• DATA EXCERPT:
Segment Open
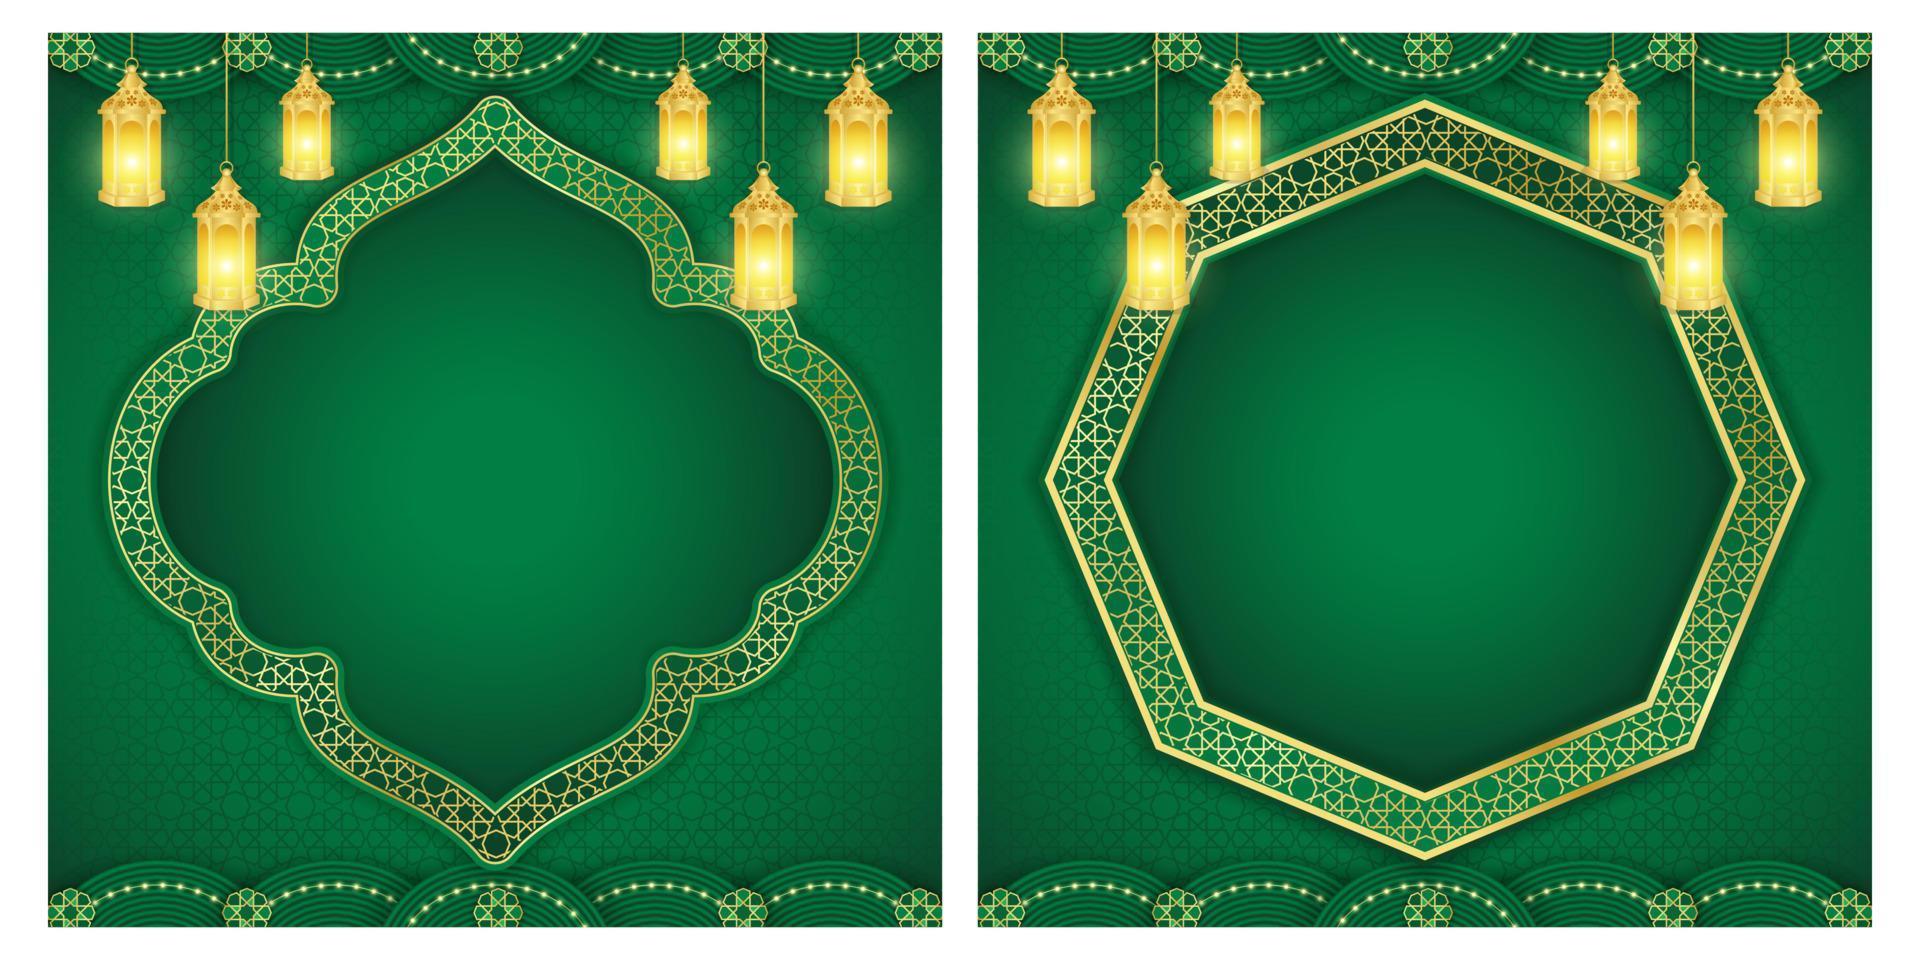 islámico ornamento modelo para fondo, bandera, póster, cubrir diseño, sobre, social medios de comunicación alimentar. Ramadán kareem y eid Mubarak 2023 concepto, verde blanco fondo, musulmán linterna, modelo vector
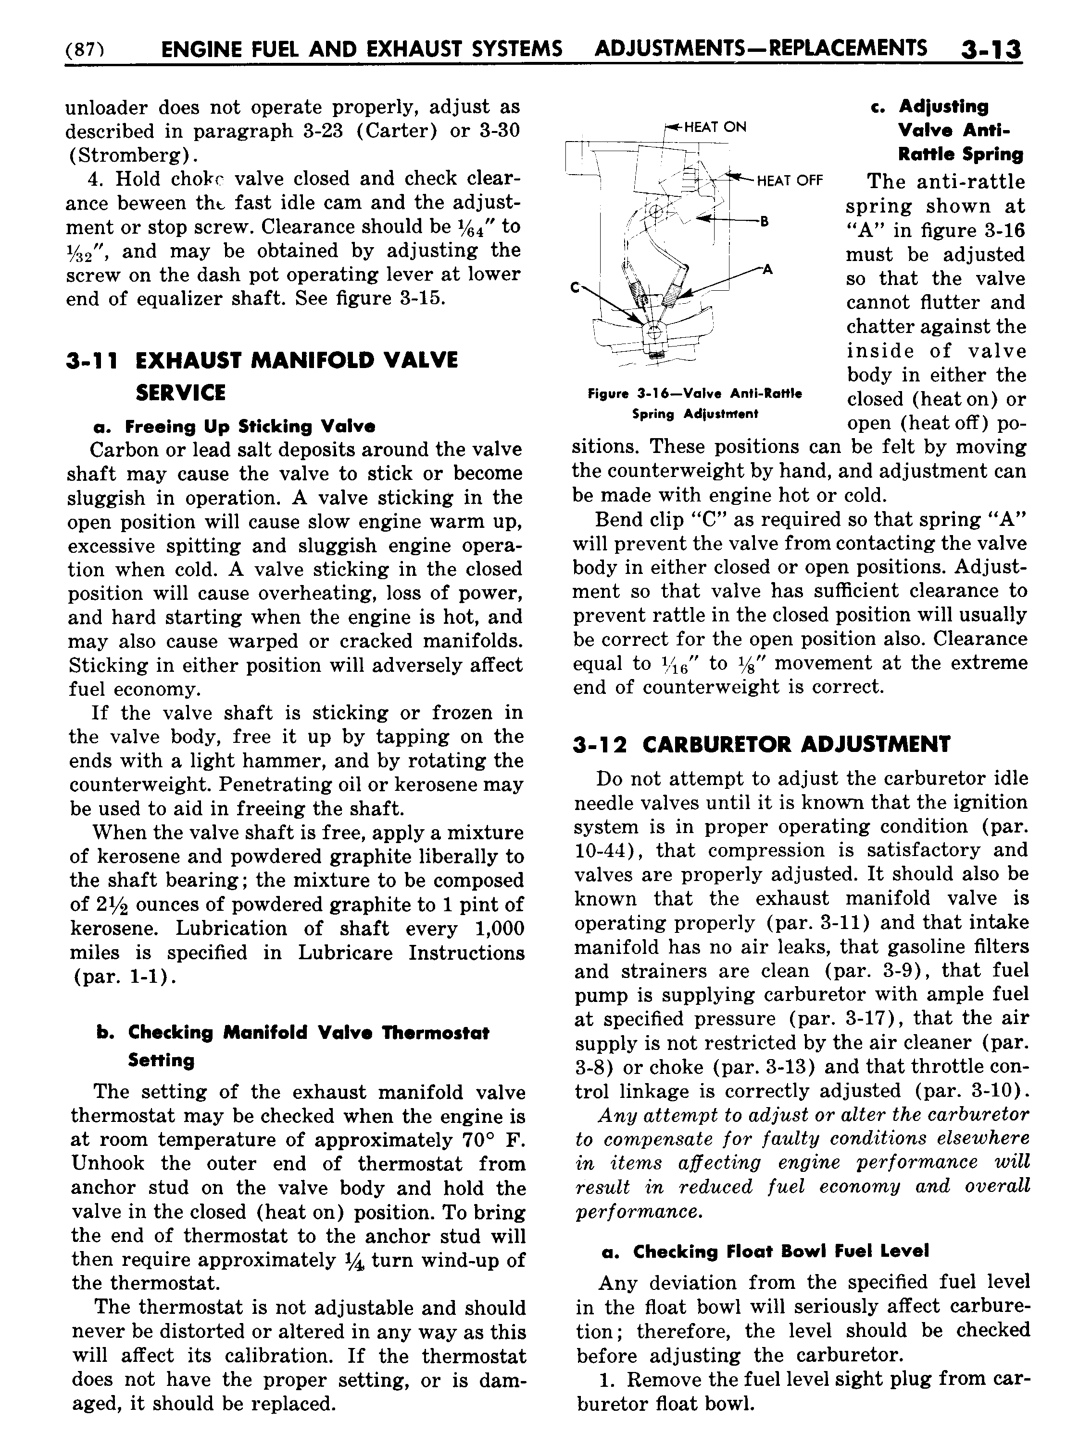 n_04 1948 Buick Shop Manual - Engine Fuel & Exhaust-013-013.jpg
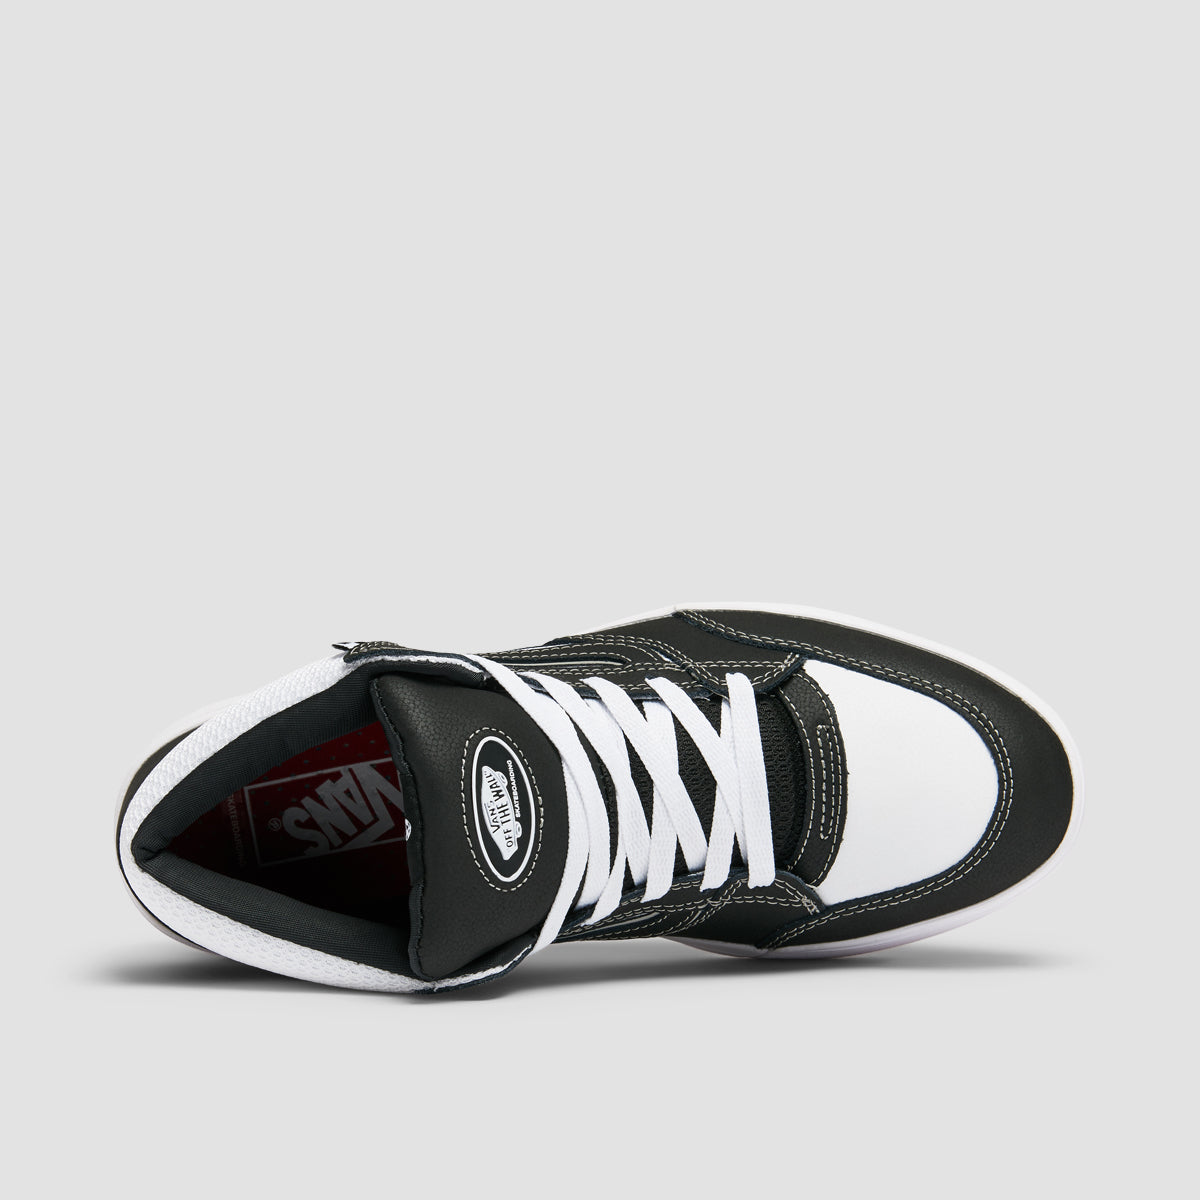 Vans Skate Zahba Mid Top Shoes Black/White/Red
Segment Closed
• ABOUT THIS TASK: For the material above, repeat each line exactly and leave out the pictures.

• REPLY TO THE TASK:
 islámico ornamento modelo para fondo, bandera, póster, cubrir diseño, sobre, social medios de comunicación alimentar. Ramadán kareem y eid Mubarak 2023 concepto, verde blanco fondo, musulmán linterna, modelo vector
 n_04 1948 Buick Shop Manual - Engine Fuel & Exhaust-013-013.jpg
 Vans Skate Zahba Mid Top Shoes Black/White/Red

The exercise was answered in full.